Science

Understanding Bee Brains

Posted 17 Oct 2006 at 22:52 UTC by steve Share This

Even though modern computer hardware can easily give a robot computational power equivalent to an insect, no robot to date can match the intelligence of an insect. To build smarter robots we're going to have to learn what makes animals smart. A Sydney Herald article describes how Mandyam Srinivasan is trying to do that by studying bee brains. A bee brain has only about 1 million neurons, yet bees "somehow manage to store complex maps of their world, achieve amazing navigational tasks and even pass on information to other bees." They may also find room in their limited brains for implementing basic emotions, as anyone who's seen a group of angry bees can attest. For more on how this research is being applied to robotics, see the ANU Biorobotic Vision Laboratory website.


Cerebral Cortex, posted 18 Oct 2006 at 12:45 UTC by The Swirling Brain » (Master)

I suspect that just as the human nerve system is more than just the grey stuff in your scull cap but additionally your spinal cord, nerves, smart sensors, nerve wiring, etc, bees probably have more nerve cells and programming than just what's between their multi-eyes (if that's possible).

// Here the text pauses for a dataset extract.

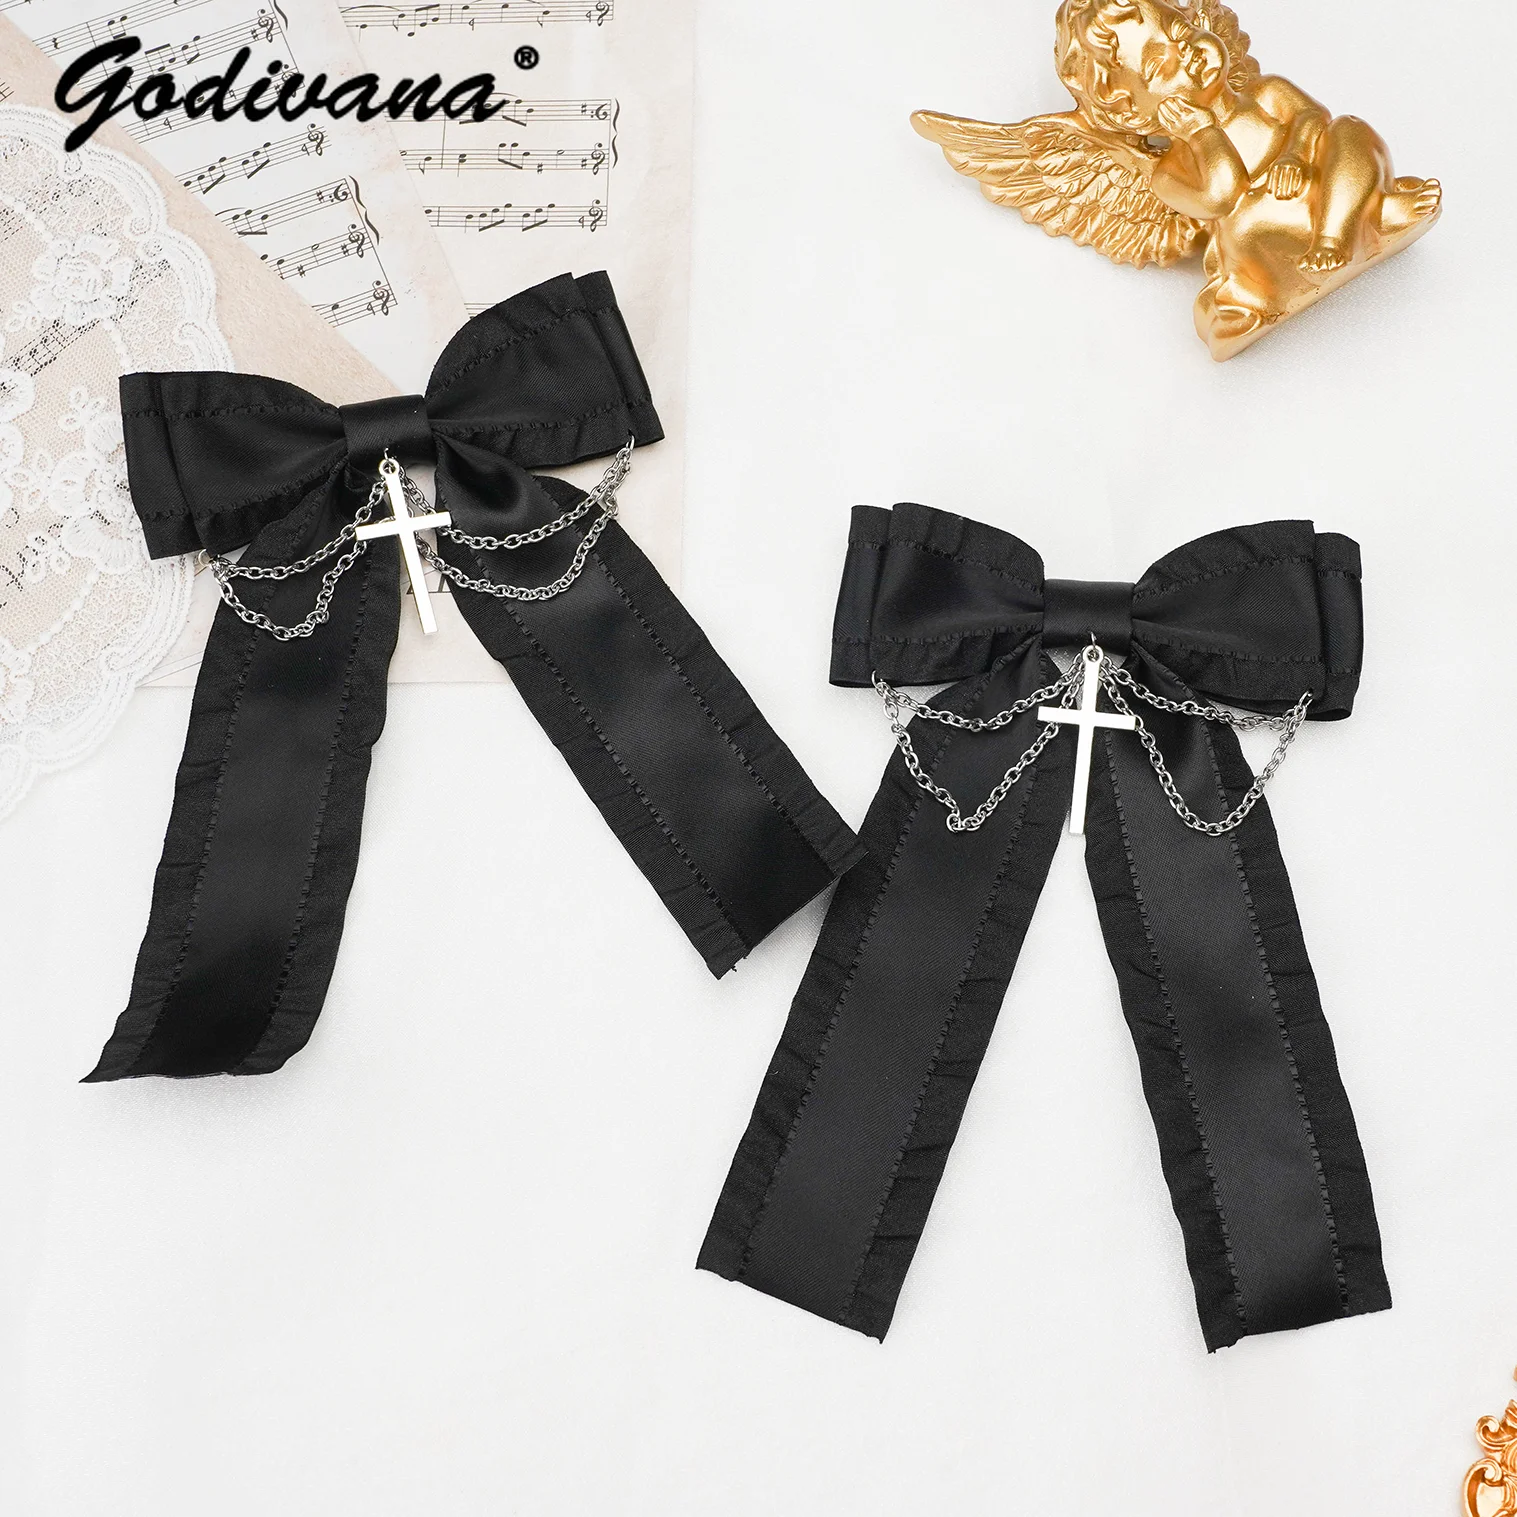 Rojita Hand-Made Mine Gothic Style Lolita Sweet Cross Handmade Chain Brooch Headdress Clip Black Hair Clip Clothes Accessories xy axis manual sliding table linear rail stage manual stage sliding table made of aluminum alloy cross 40x70mm

Imagine a flying swirling brain (egads!). One mill neurons is probably a lot for a bee, especially since we really don't know 100% for sure how the neurons work (even though some think they know how they work 100% just like our neural net software yet that we just can't seem to get them to work as well as they do). Also, we are not sure how DNA information plays a part in the function of neurons (it actually might be like a hard coded program and a few neurons just interpret that program). There's probably a lot we don't know about brain and nervous function! And of course I don't claim to know either. At any rate, the smarts of bees is probably more than just pure neurons, but probably something else in their body that helps their intelligence along. When you think of Bee Brains, think more of scratch pad memory and slightly less of just pure program space is my guess.

I agree., posted 19 Oct 2006 at 19:50 UTC by marev » (Observer)

Bees have detailed mapping of their worlds,partly eyes but i bet mostly smell and partly getting smacked around if they do not have all the energy that the others have and seem lazy.I have mentioned before that basic little creatures,i beleive,are not the creatures to do in-depth research on or even more clever creatures,the human is the prime evolved mammal on this planet and all should go onwards from where we are only.I know it is said that to understand how we work less complex designs have to be worked out to help but not much i reckon,i.e.humans upwards and onwards to become adapted nice robotics.

Sorry... Bees don't think that way, posted 21 Oct 2006 at 02:41 UTC by Trilithon » (Observer)

I once kept bees. Lots of bees. Though they are extremely fascinating creatures, and capable of things that are extraordinary, they are still just cute little bugs. Bees do not think that heavily. Bees don't map anything visually, with the exception of thier home. Bees don't navigate by landmark, but they do by the position of the sun. Bees do understand time. That is what is most fascinating. Consider... a bee leaves it's hive... flies for 40 minutes,and lands to collect a very high-protien pollen. It spends 20 minutes there. It leaves and flys home... but into a headwind. It takes 90 minutes to get home, since it had a tailwind when it left. How does the bee figure out how to adjust? We haven't even gotten into cross-wind components, keep in mind. I guess my point is, we have no concept of bee-minds... even the mind of the bee is more complex than our understanding can come close too. It is estimated we understand about 2% of honeybee behavior, and as a beekeeper, I would agree.

Matt

Which reminds me...., posted 23 Oct 2006 at 04:18 UTC by TheDuck » (Journeyer)

Now I want to find the info relating to a show I saw on bees. It was probably Scientific American or something like that. They changed the target area for the bee in (iirc) three ways: spatial, colour, and repetition; i.e. the moved things around, then left them but they were all different colours, then made everything the same. The bees definitely either responded significantly to one condition or one condition didn't matter or something like that. Now that I have spent a lot of time providing no information whatsoever, I will say it was a fascinating study. Given that I play with genetic programming for robot control, this reminds me of a great training scenario. Thanks!